I calculated this a couple of times now. I get p=709704058 but $p^3 \text{ MOD } k$ is not d.

Where is my fault?

Regards
• Sep 28th 2013, 05:51 PM
SlipEternal
Re: Decrypt a catched number
Here is your answer: p^3 congruent to 1933360524 mod 2038074743 - Wolfram|Alpha

Work backwards to figure out where you went wrong?
• Sep 29th 2013, 02:21 AM
huberscher
Re: Decrypt a catched number
I don't find a mistake in my calculation except the end result. Working backwards here is not possible as far as I know.

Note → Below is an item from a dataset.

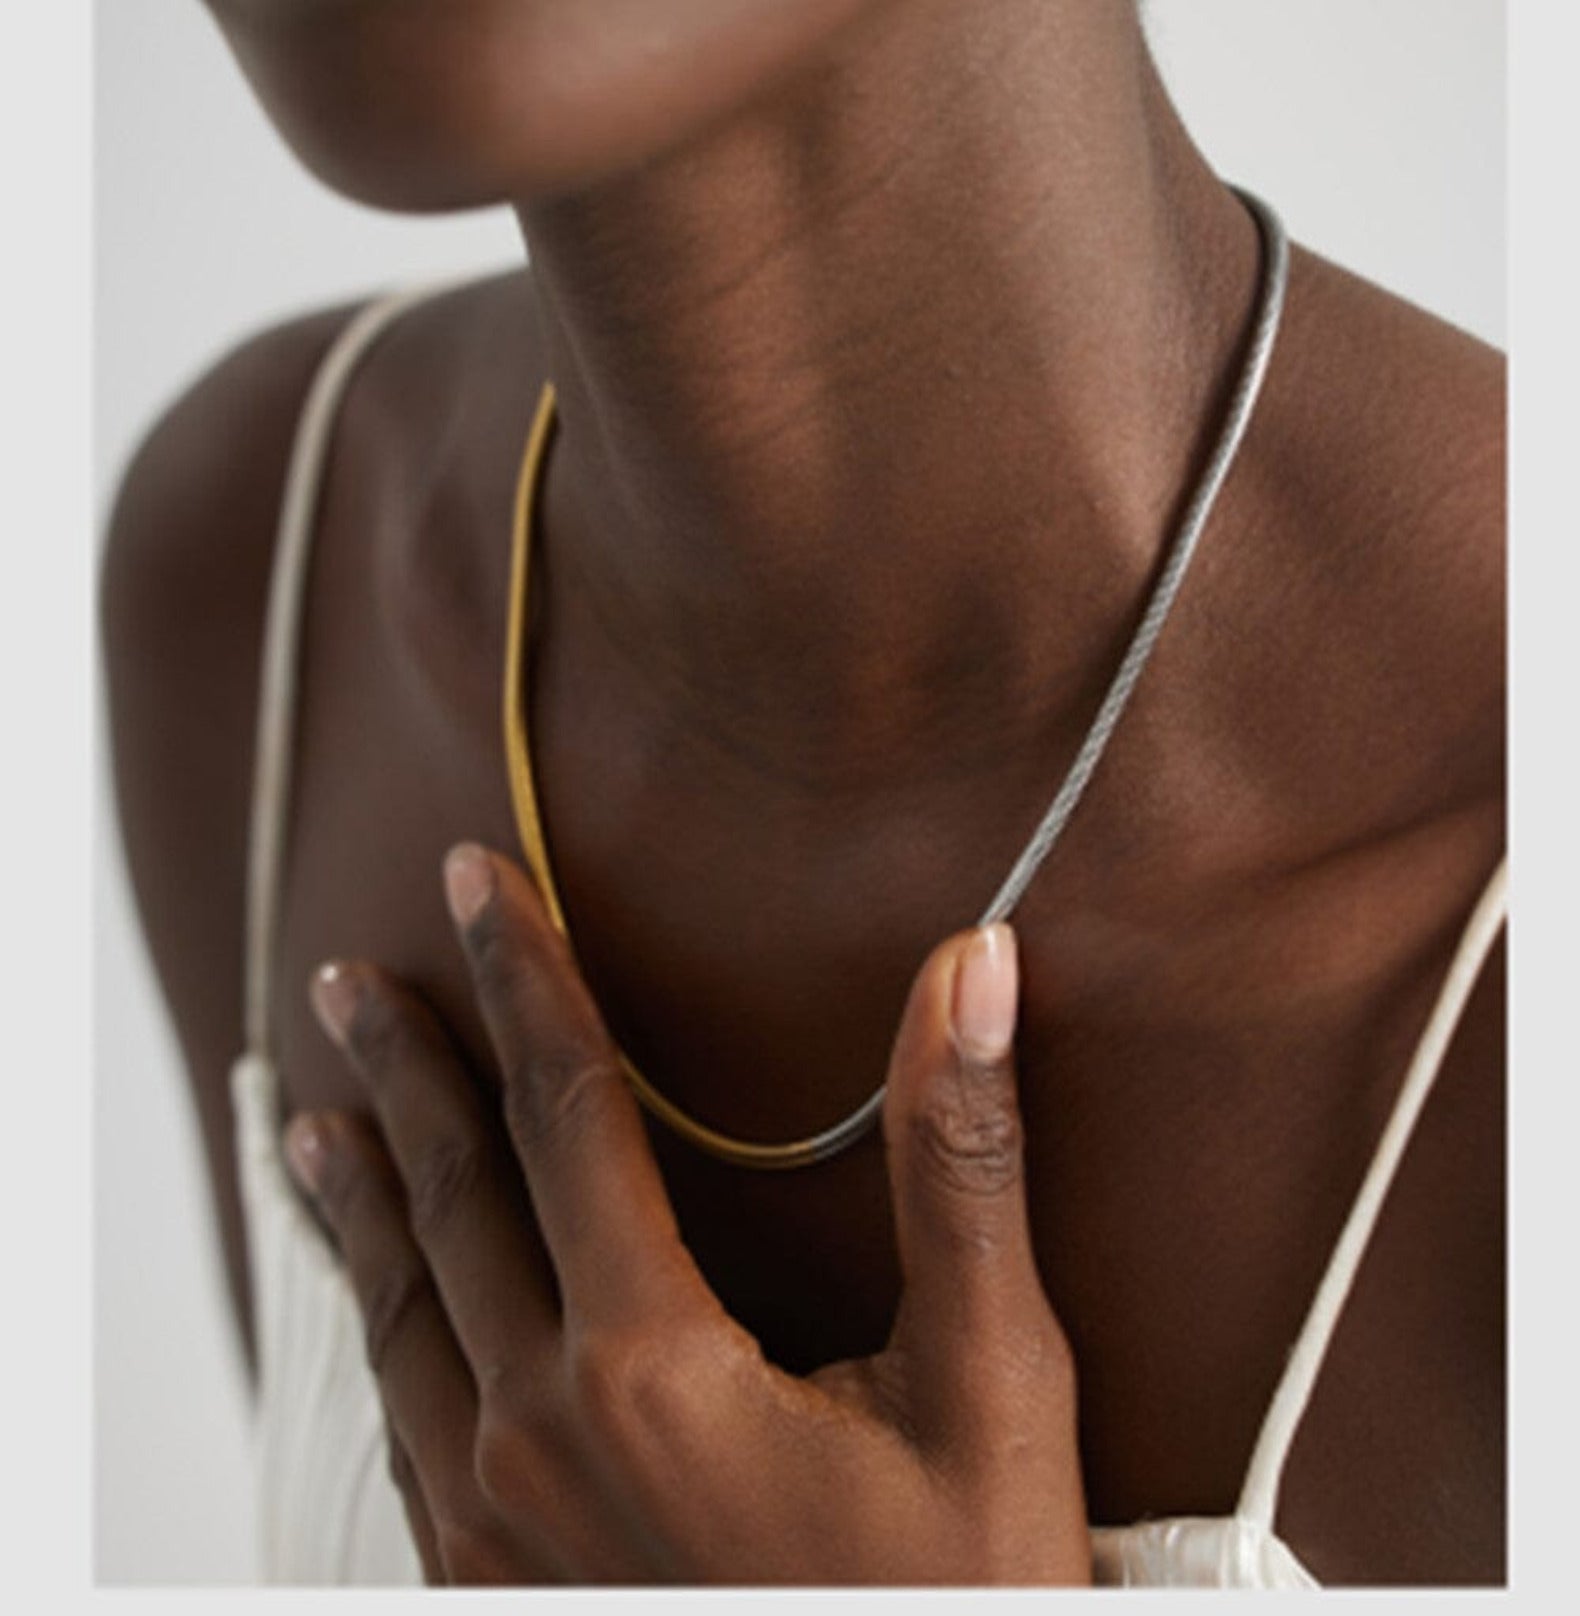 TWINS CHAIN neck Yubama Jewelry Online Store - The Elegant Designs of Gold and Silver !

Does noone see where my mistake is?

1933360524^679358248 MOD n is not 113746 . Noone an idea?
• Sep 29th 2013, 05:50 AM
SlipEternal
Re: Decrypt a catched number
Ok, looking more closely at what you are doing, your mistake is in how you apply Euclid. Since 2038074743 is prime, $a^{2038074743} \cong a (\mbox{mod }2038074743)$ for any integer $a$. So, you have $d^{679358248} = p^{3\cdot 679358248} = p^{k+1} = p^k\cdot p \cong p\cdot p (\mbox{mod }2038074743)$. In other words, you are getting $p^2$, not $p$. To get $p$, try $k-2 = 3\cdot 679358247$. Now $d^{679358247} \cong p\cdot p^{-2} (\mbox{mod }2038074743) = p^{-1} (\mbox{mod }2038074743)$. So, $p^3\cdot p^{-1}\cdot p^{-1} = p$. This is obtained by $d\cdot d^{679358247} \cdot d^{679358247} = d^{2\cdot 679358247 + 1} = d^{1358716495}$. Sure enough, this gives the correct result.